Danish team manager blasts agents for encouraging riders to break contracts
Richie Porte must honour his contract and ride for Team Saxo Bank-SunGard next year, team owner Bjarne Riis has said. The Dane criticised “managers and agents” for encouraging riders to break their contracts.
Riis was reacting to Porte's recent comments of a possible team change. “There is a lot of interest in me after what I have done this season, but I have not taken any decision," Porte said.
“He has a contract and he will not get out of it. He will not be allowed to go. It's as simple as that, and he knows it, too. I cannot understand why he keeps talking about it,” Riis told Sporten.dk.
“The problem is that their managers and agents are pushing the riders to their limits and advise their riders wrong. Contracts must be respected,” he said.

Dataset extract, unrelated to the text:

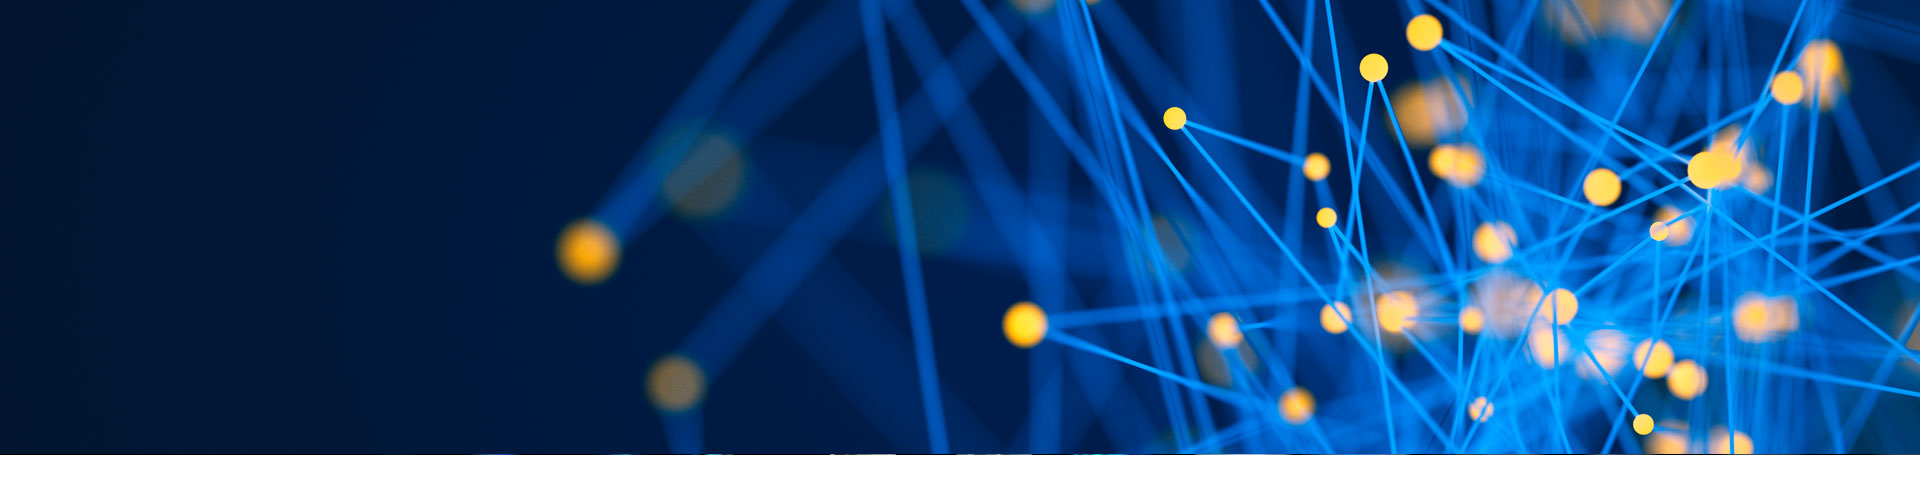 Promwad Partnership Network

Porte still has one year left on his contract with Riis, who added that the situation of the young Australian talent was different to that of Fabian Cancellara. Riis and the Swiss rider recently mutually agreed to cancel the final year of his contract.
“It's something else, when you agree,” he said. “Richie's manager continues to provoke and try to push us. We have told them that it cannot happen. He cannot be bought off. Yet they continue.

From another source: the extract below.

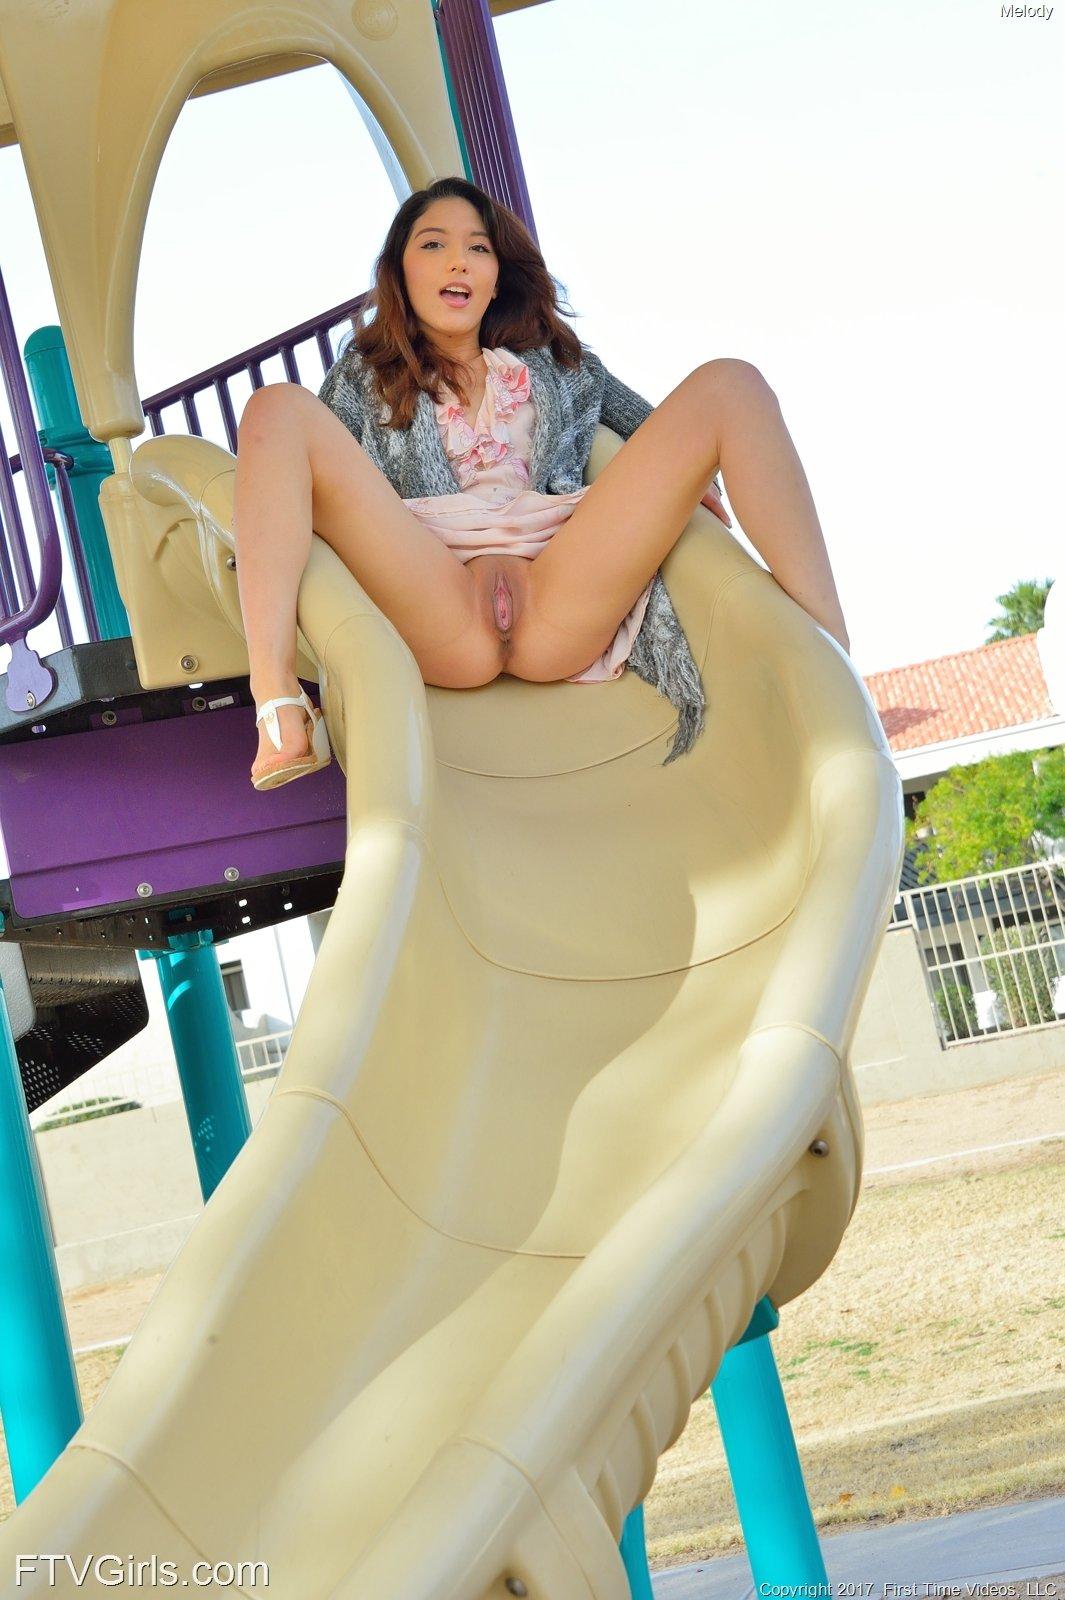 https://cdn.eroticbeauties.net/content/ftvgirls_7532_melody_at-the-playground/full/16.jpg

“It's fair enough for a manager to ask, but when he is told no, he must stop. He pushes lawyers and everything at us, but according to the rules you don't come out of a contract unless both parties agree.”
The problem goes beyond Saxo Bank, and Riis expects the International Cycling Union (UCI) to take a stand on the matter, if not action.
“It's a huge problem in the sport, and this year it has gone berserk. The agents are running around and shop with all sorts of teams and it's not just us who have these problems,” Riis said. “It must stop now, it's unacceptable. Agents are putting ideas into the minds of young riders by tempting them with figures that are completely unrealistic."
Porte blasted into the ProTour this season by finishing sixth in the Giro d'Italia opening time trial. He later wore the leader's jersey for three stages and finished his first Grand Tour in seventh, also winning the jersey for best young rider. The Australian also won the time trial at the Tour de Romandie and finished fourth overall in both the Eneco Tour and the Tour of Britain.